On topic: I've yanked rods with a farm jack without much pain.


----------



## glen1971 (Oct 10, 2012)

SteveBayshore said:


> Snap a pair of vise grips on it. Get a block of 4x4 or 6x6 as a fulcrum, use a bender handle under the vise grips and lever it out 6" at a time, like a seasaw. Relocate vise grips and repeat until you can pull it out by hand. We use this for removing stuck temporary fence posts all the time.


 
The time it would take me to pull a rod ain't worth what a new one is worth...


----------



## Next72969 (Dec 9, 2012)

eds said:


> Chuck it up in the hole hawg, throw it in reverse and spin it out while pulling backwards, or tell them to pound sand


:laughing: :laughing: i dont know why i laughed so hard when i read this


----------



## fp.unit (Dec 18, 2012)

yamatitan said:


> step 1: Use kinpex cobra to tighten crap out of acorn clamp on ground rod.
> step 2: Use knipex cobra and grab right under acorn clamp twist and pull up at same time.
> Step 3: success
> 
> We pull everyone of ours up that we used for temp poles and reuse them on the next one. Works every time with little effort, of course I live in a swamp and can usually push them in by hand too so ymmv.


Lol it usually takes me a solid 20 minutes to pound one into rock with a hilti. My forearms hate me everytime it's time to drive ground rods. So slow you can't even see them move, but they go.


----------



## Next72969 (Dec 9, 2012)

fp.unit said:


> Lol it usually takes me a solid 20 minutes to pound one into rock with a hilti. My forearms hate me everytime it's time to drive ground rods.

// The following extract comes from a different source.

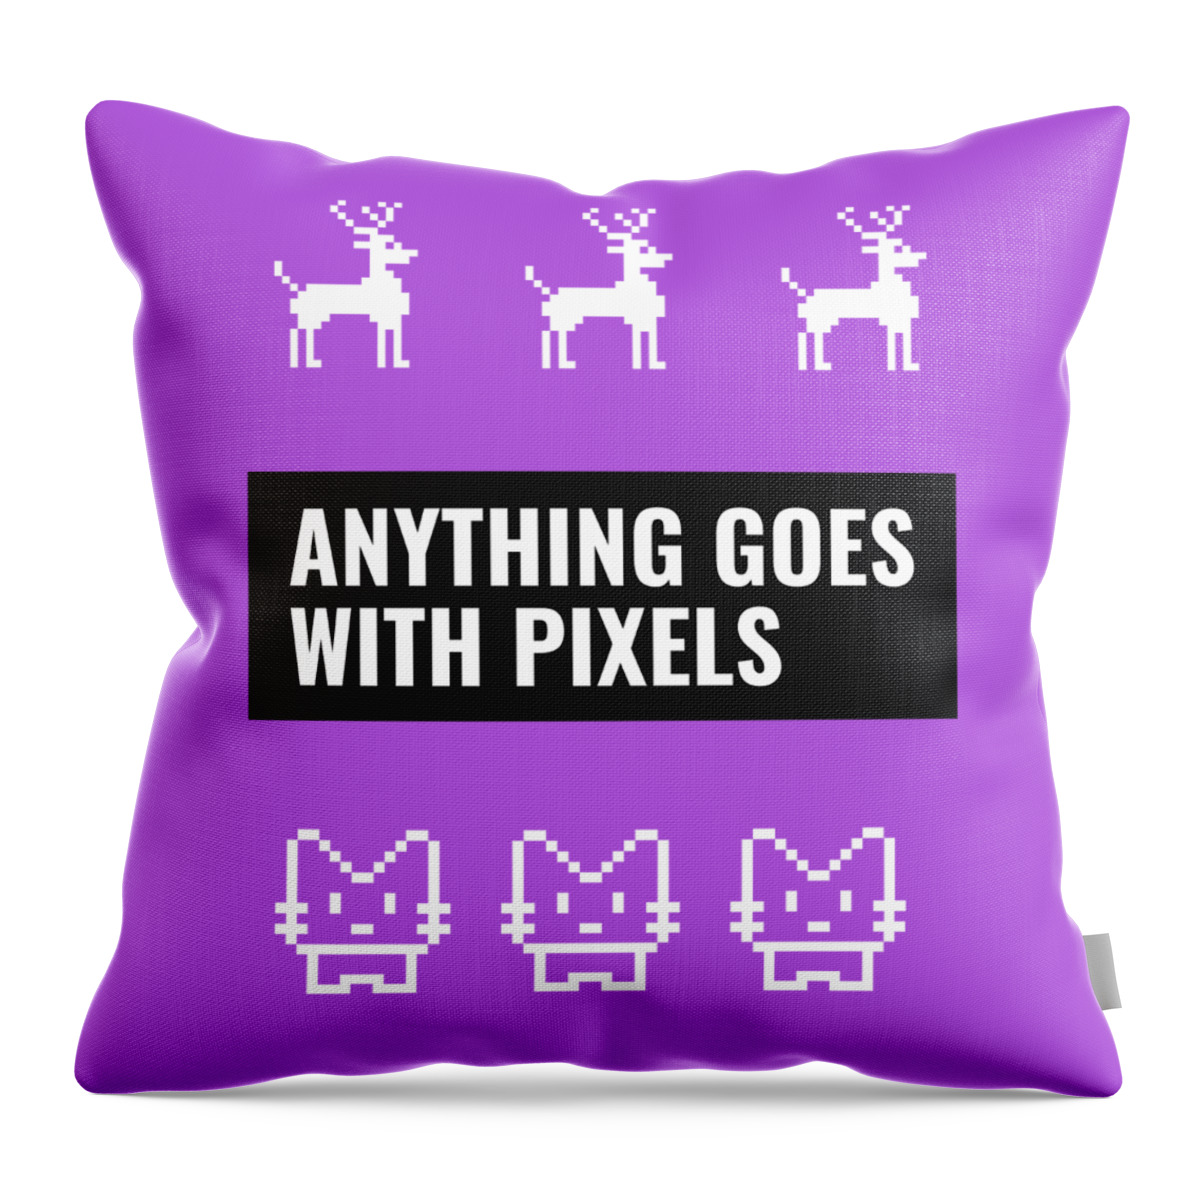 Pixels Throw Pillow featuring the digital art Anything goes with Pixels 01 by Matthias Hauser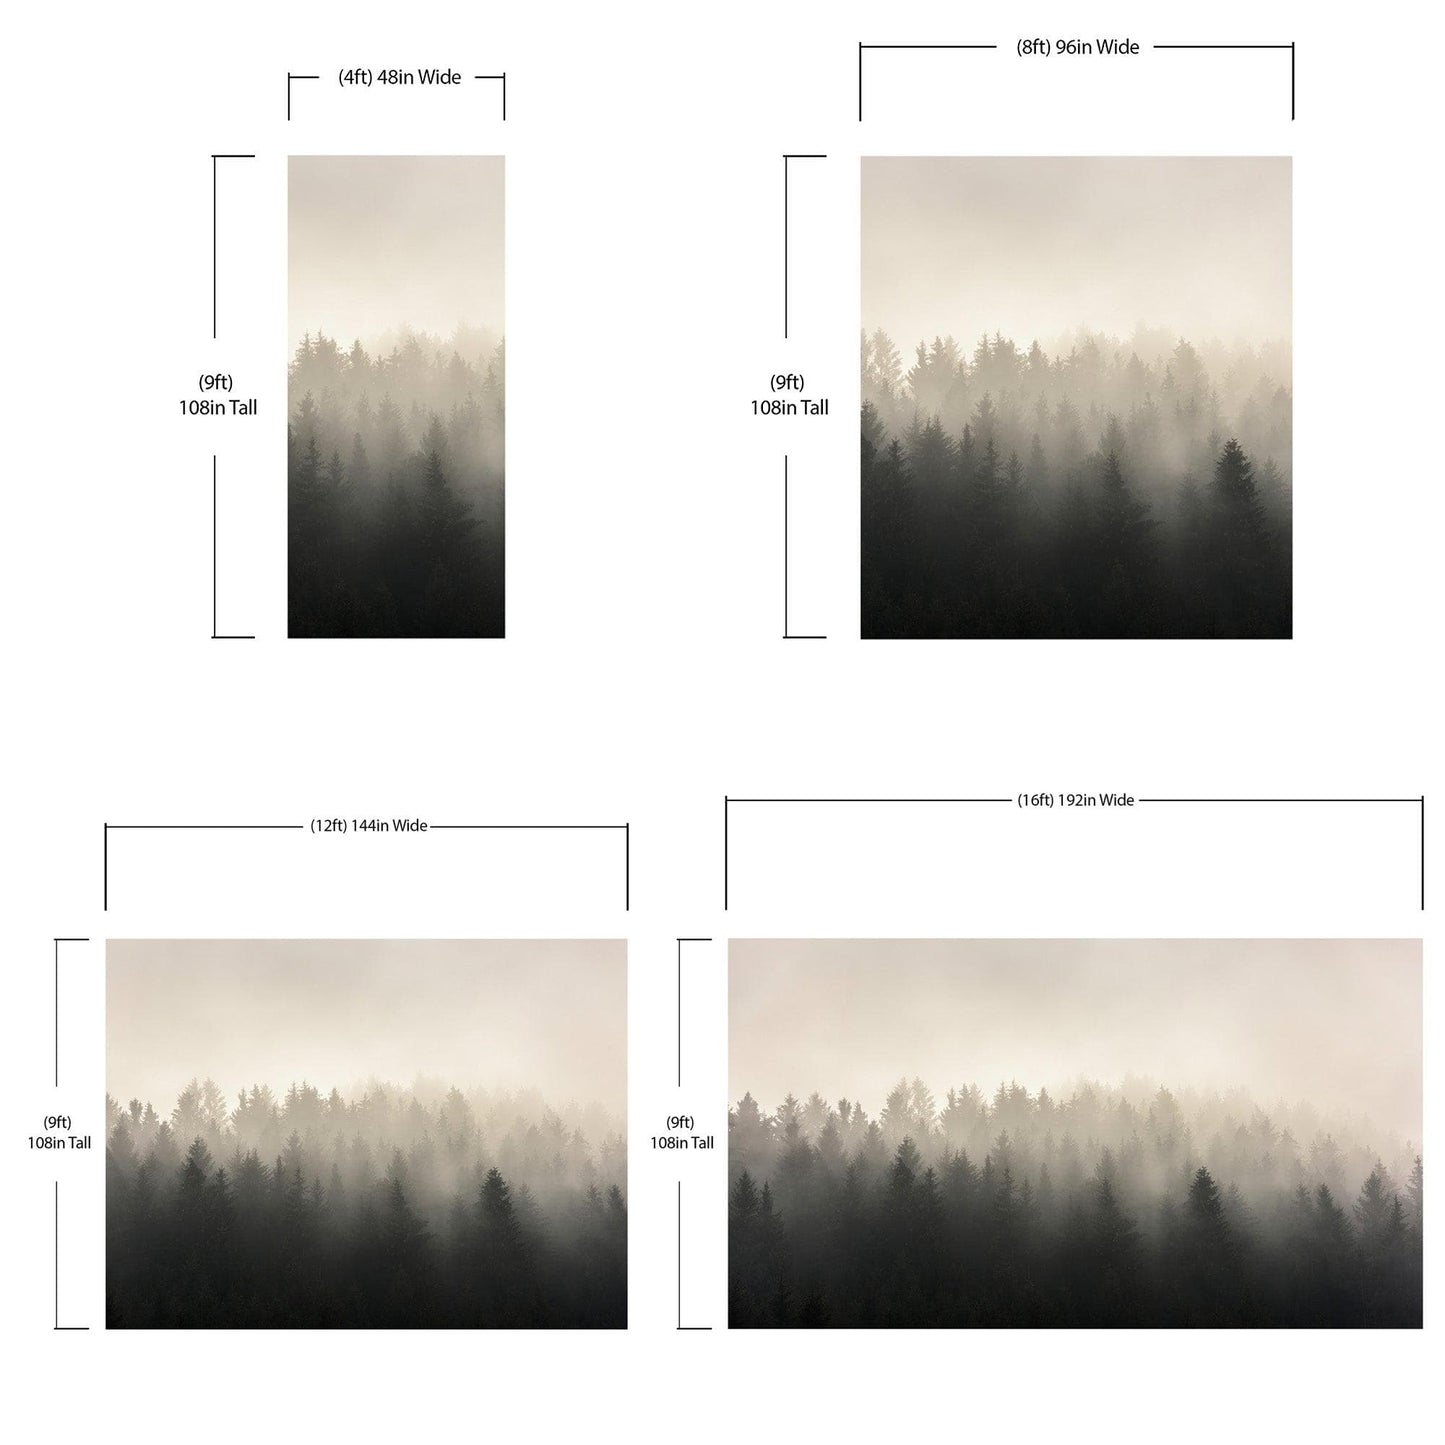 Misty Pine Forest Wall Mural. Peaceful Foggy Morning Scenery. #6122

So slow you can't even see them move, but they go.


Living on an island has its perks, i usually drive 3/4 of it by hand :thumbsup:


----------



## RIVETER (Sep 26, 2009)

randas said:


> farm jack


Why not leave it and driver another one?


----------



## TOOL_5150 (Aug 27, 2007)

480sparky said:


> Not according to half the people here.


I think its more around 53.8% :laughing::whistling2:


----------



## TOOL_5150 (Aug 27, 2007)

Next72969 said:


> :laughing: :laughing: i dont know why i laughed so hard when i read this


because if it worked, it would be funny, and if he broke his wrist doing it, it would be funny:thumbup:


----------